◆ **DATASET**
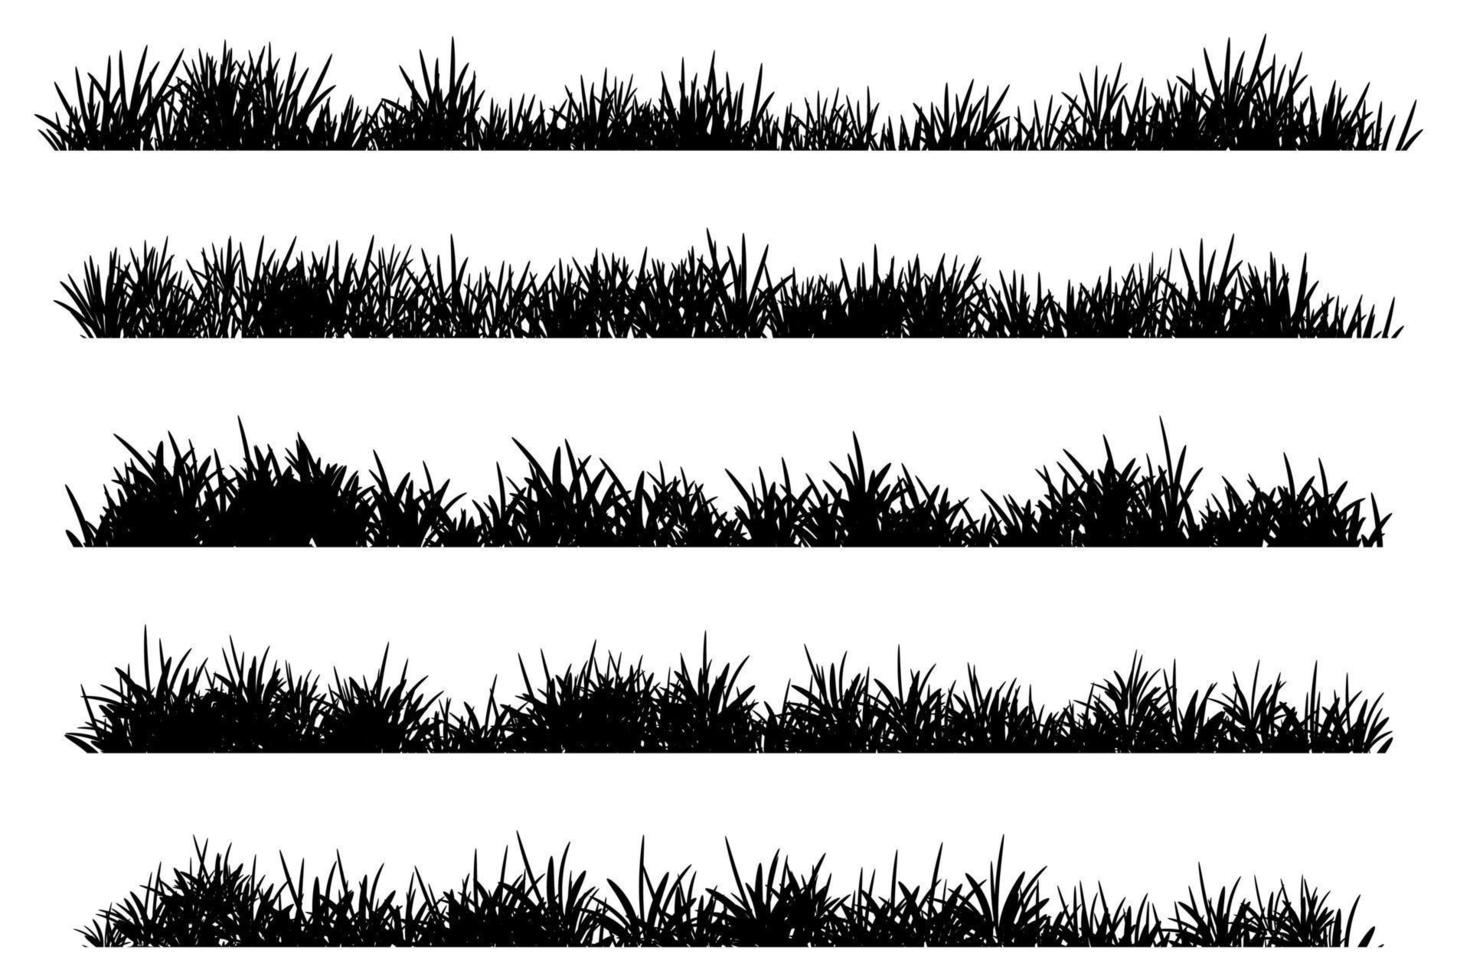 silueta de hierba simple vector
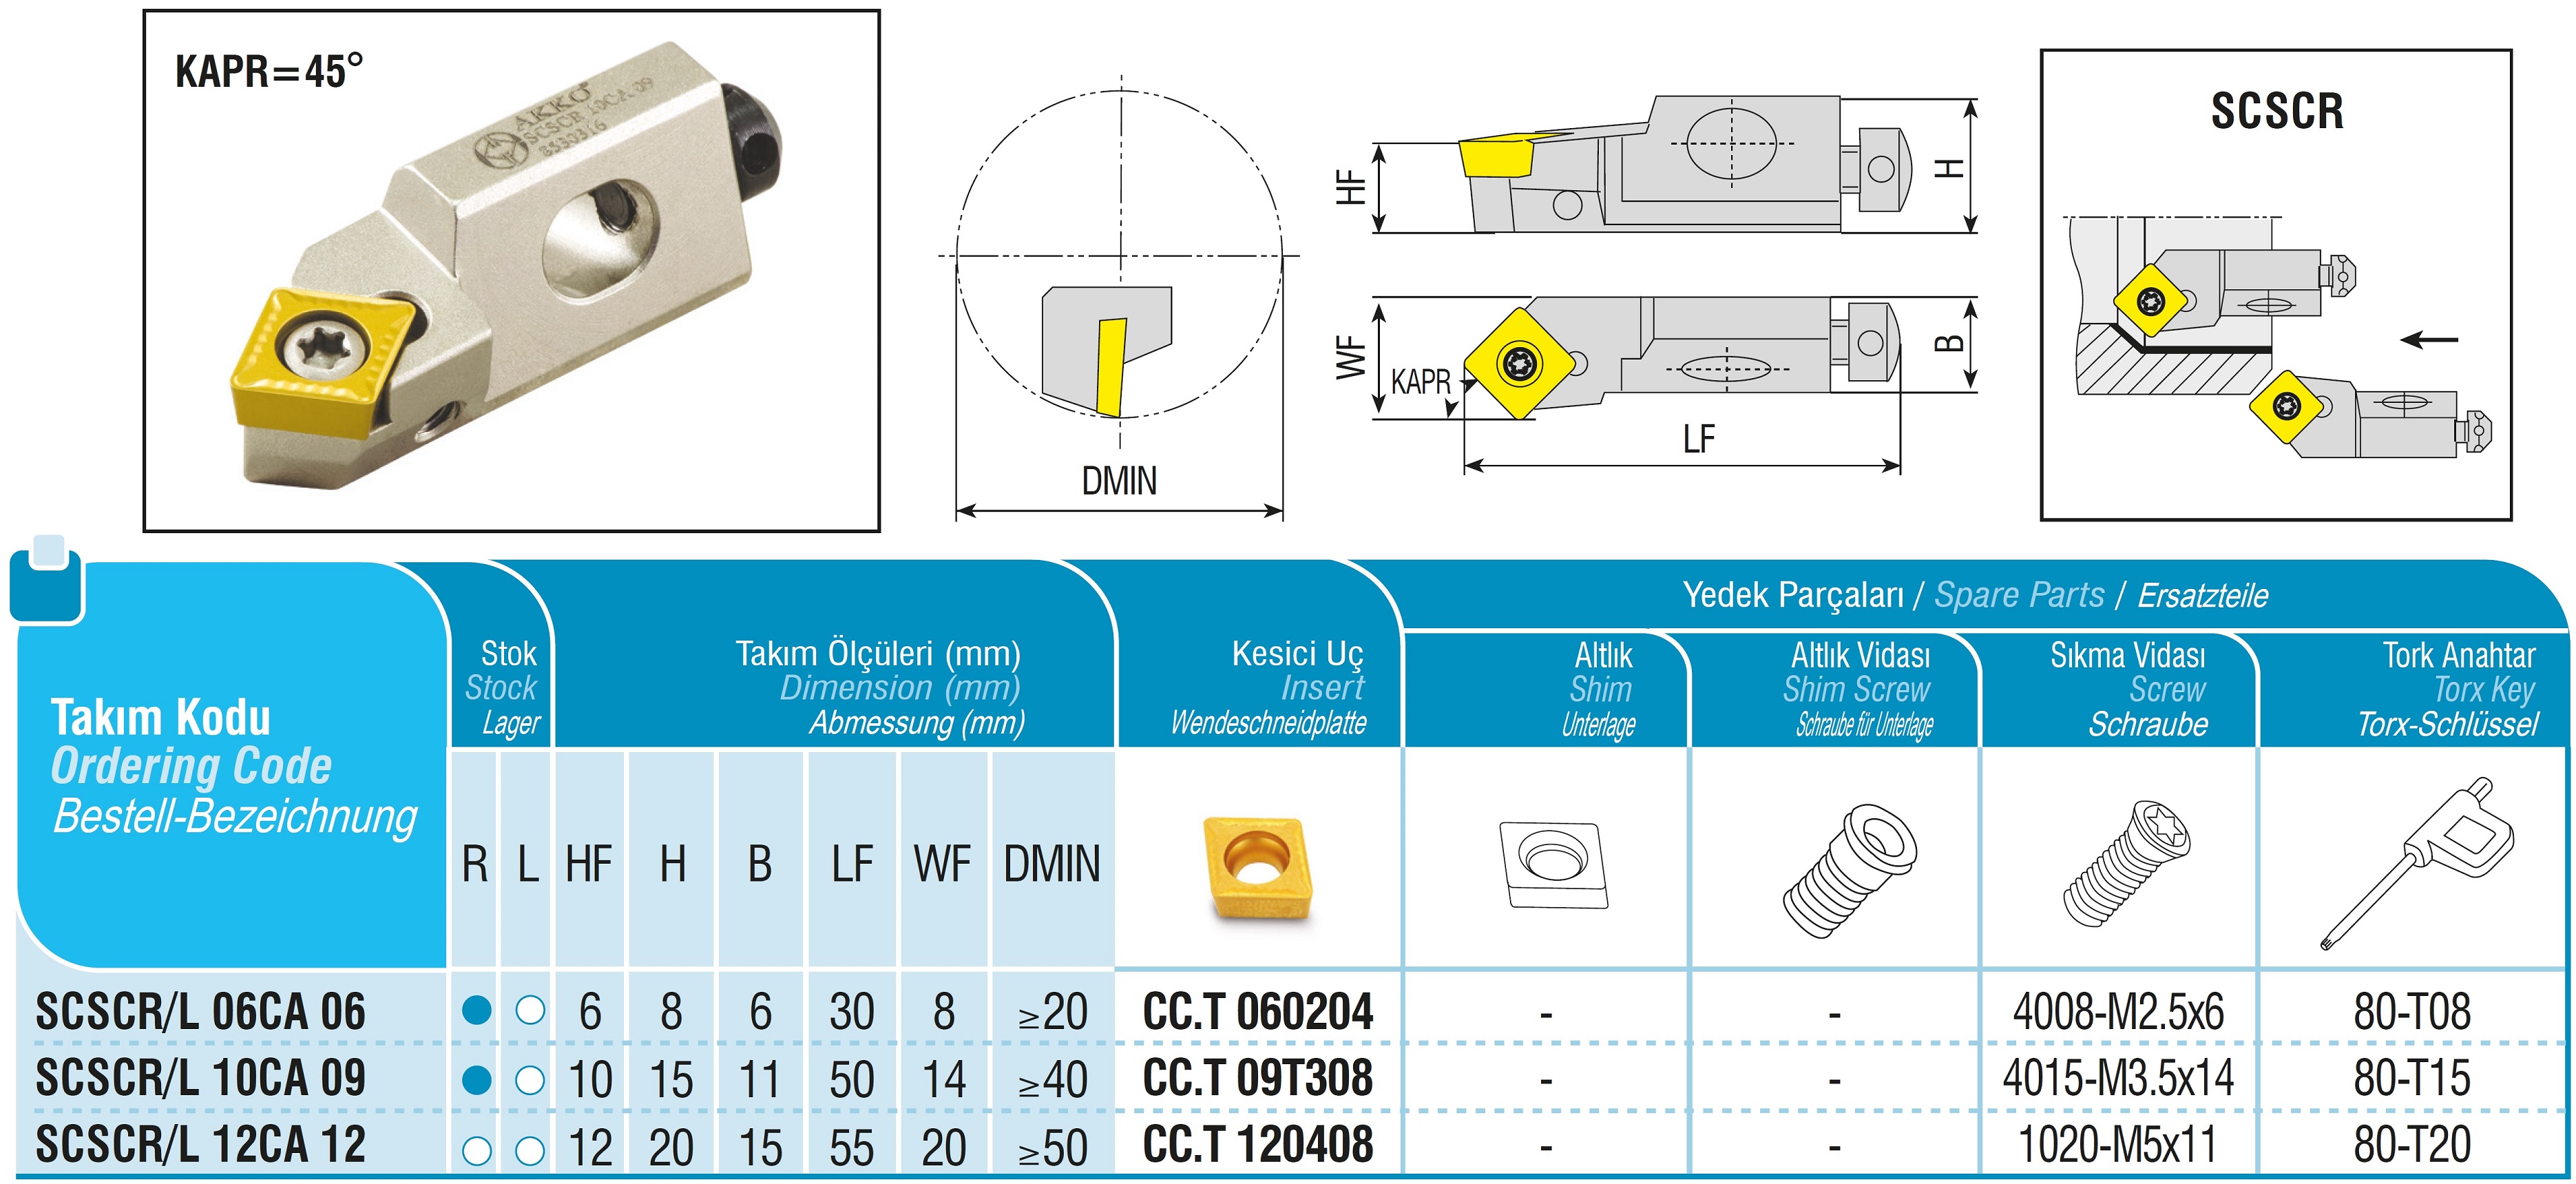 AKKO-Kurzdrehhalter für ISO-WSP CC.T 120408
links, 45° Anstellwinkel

* * *

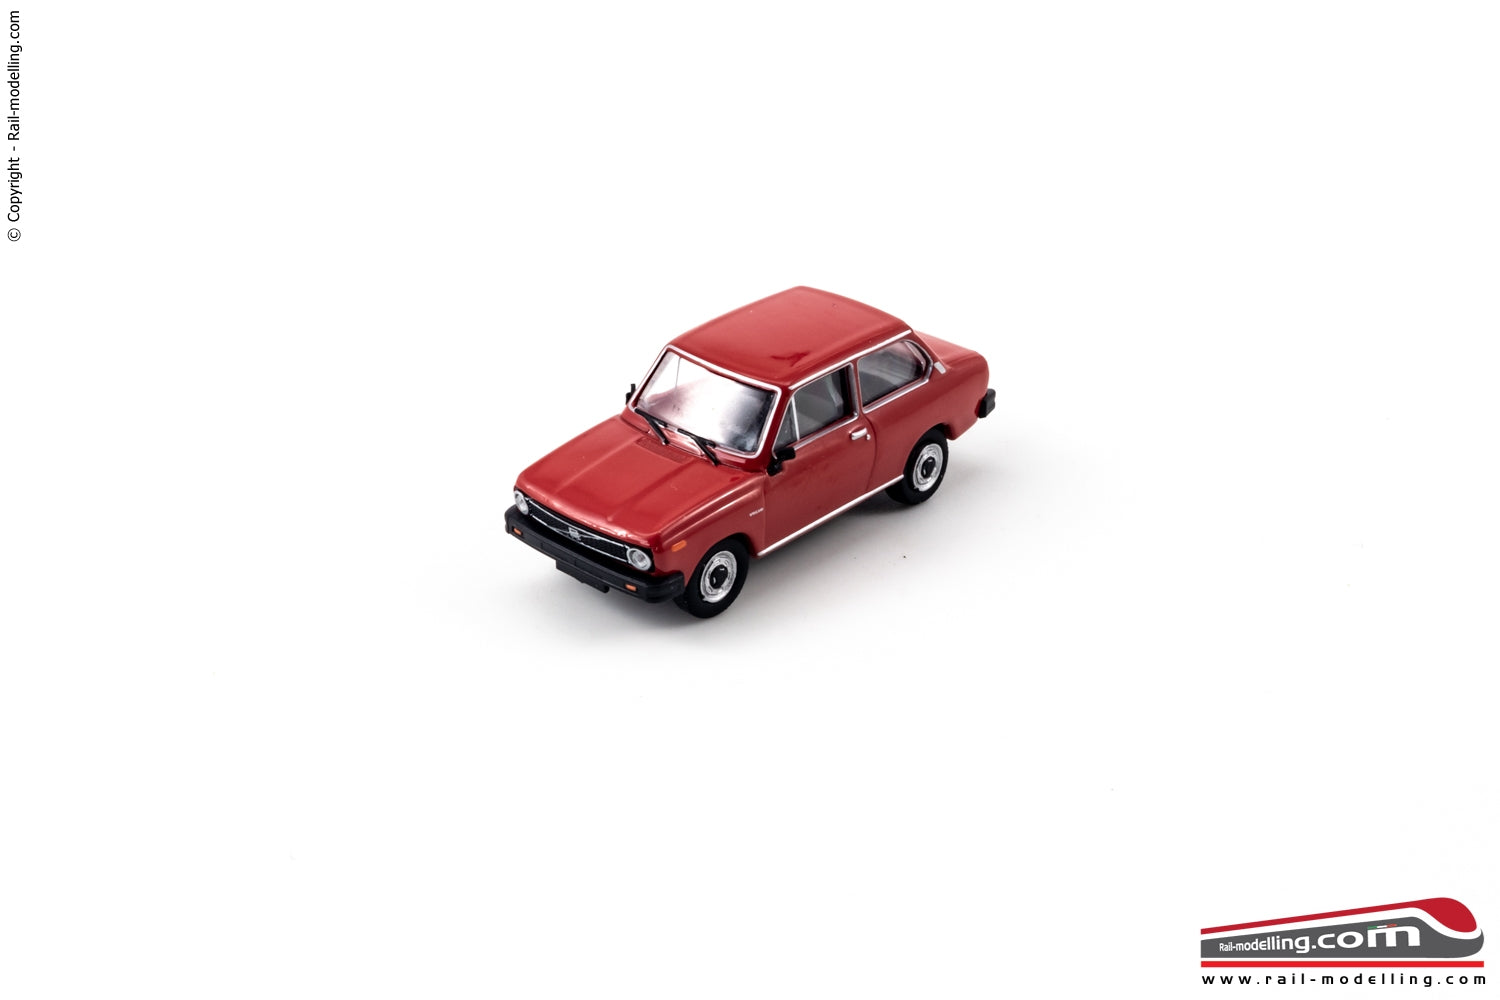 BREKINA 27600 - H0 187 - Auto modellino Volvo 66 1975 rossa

◆ **THE PROBLEM**
Working from the records above, set down word for word everything from the line containing "AKKO-Kurzdrehhalter für ISO-WSP CC.T 120408" down to the line containing "links, 45° Anstellwinkel", ends included, minus the pictures.

◆ **SOLUTION**
 AKKO-Kurzdrehhalter für ISO-WSP CC.T 120408
links, 45° Anstellwinkel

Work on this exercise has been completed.